Compte tenu de la nature de la décision, le tribunal réservera les dépens dans l’attente de la décision définitive.
PAR CES MOTIFS
Le tribunal, statuant en chambre du conseil, par jugement contradictoire, en premier ressort,
Vu l’article R.621-21 du code de commerce,
DIT la société AMARANTE recevable en son recours contre l’ordonnance du juge commissaire rendue le 22 janvier 2025 ;
PAGE 13
Vu l’article L.643-3 du code de commerce, Vu les articles 286, 306, 313 et 314 CPC, Vu les articles 377 et 378 CPC,
PRONONCE le sursis à statuer de la présente procédure de recours à ordonnance du juge commissaire, et ce jusqu’à l’issue de la procédure en inscription de faux régularisée devant le tribunal judiciaire de Paris ;
DIT que le tribunal judiciaire de Paris devra être formellement saisi de l’inscription de faux dans le délai d’un mois de la présente décision, faute de quoi il sera passé outre à l’incident, l’acte litigieux sera réputé reconnu entre les parties et le sursis à statuer sera levé ;
DIT n’y avoir lieu à application des dispositions de l’article 700 CPC ;
DIT qu’en application de l’article R.661-1 du code de commerce, la présente décision est exécutoire de plein droit à titre provisoire ;
Réserve les dépens.
Retenu à l’audience de la chambre du conseil du 16 juin 2025 où siégeaient : M. Patrick Coupeaud, président, MM. Eric Chavent et [D] Gregoir, juges, assistés de M. Nicolas Rignault, greffier.
Délibéré par les mêmes juges, le 1 er septembre 2025.
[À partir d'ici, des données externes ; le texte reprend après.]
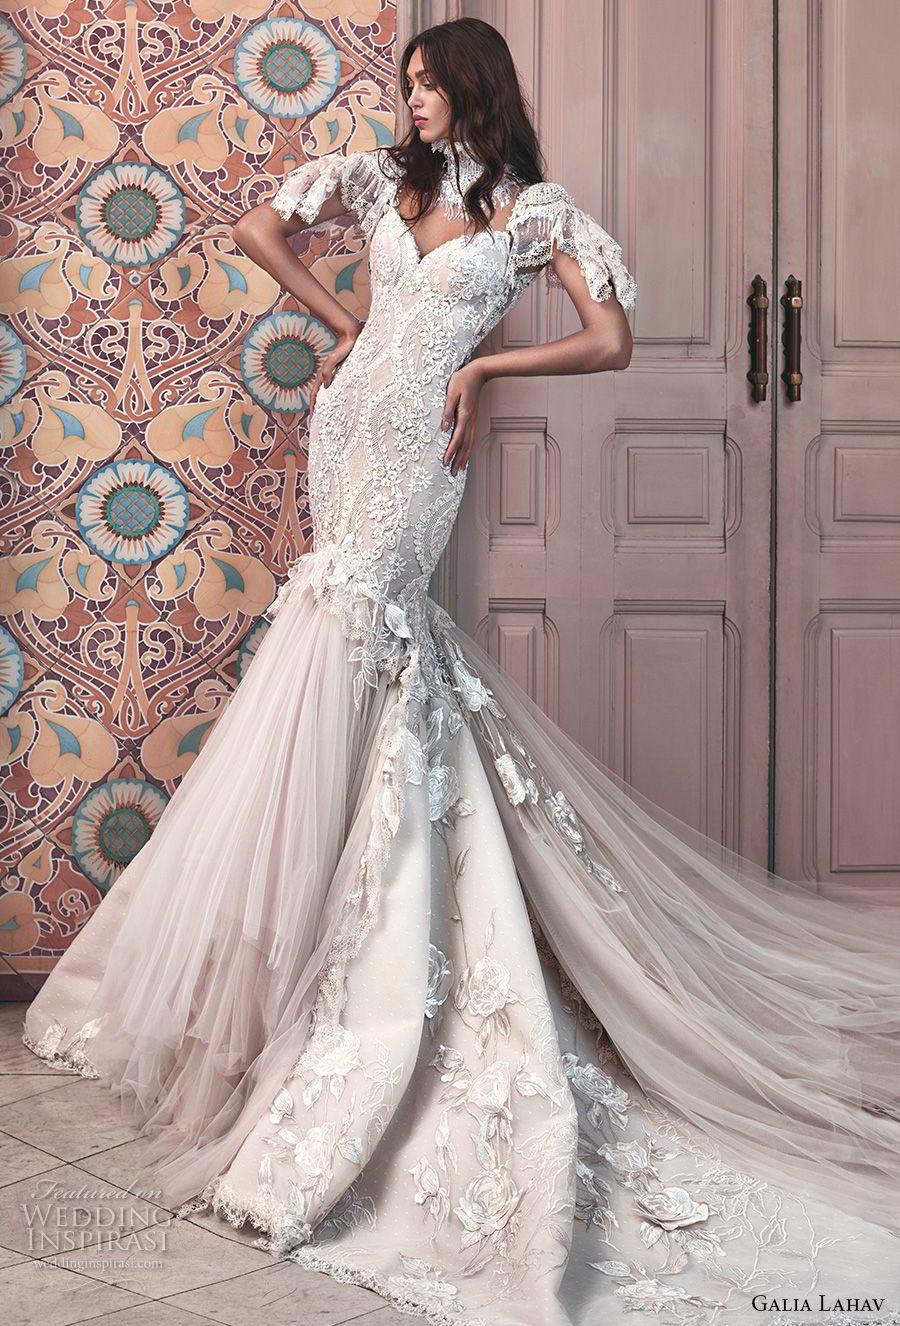 galia lahav spring 2018 bridal short sleeves illusion high sweetheart neck heavily embellished bodice tulle skirt ivory color mermaid wedding dress open low back royal train (ms genesis) mv

Le présent jugement est prononcé par sa mise à disposition au greffe de ce tribunal, les parties en ayant été préalablement avisées lors des débats dans les conditions prévues au deuxième alinéa de l’article 450 du code de procédure civile.
La minute du jugement est signée par M. Patrick Coupeaud, président du délibéré, et par M. Nicolas Rignault, greffier.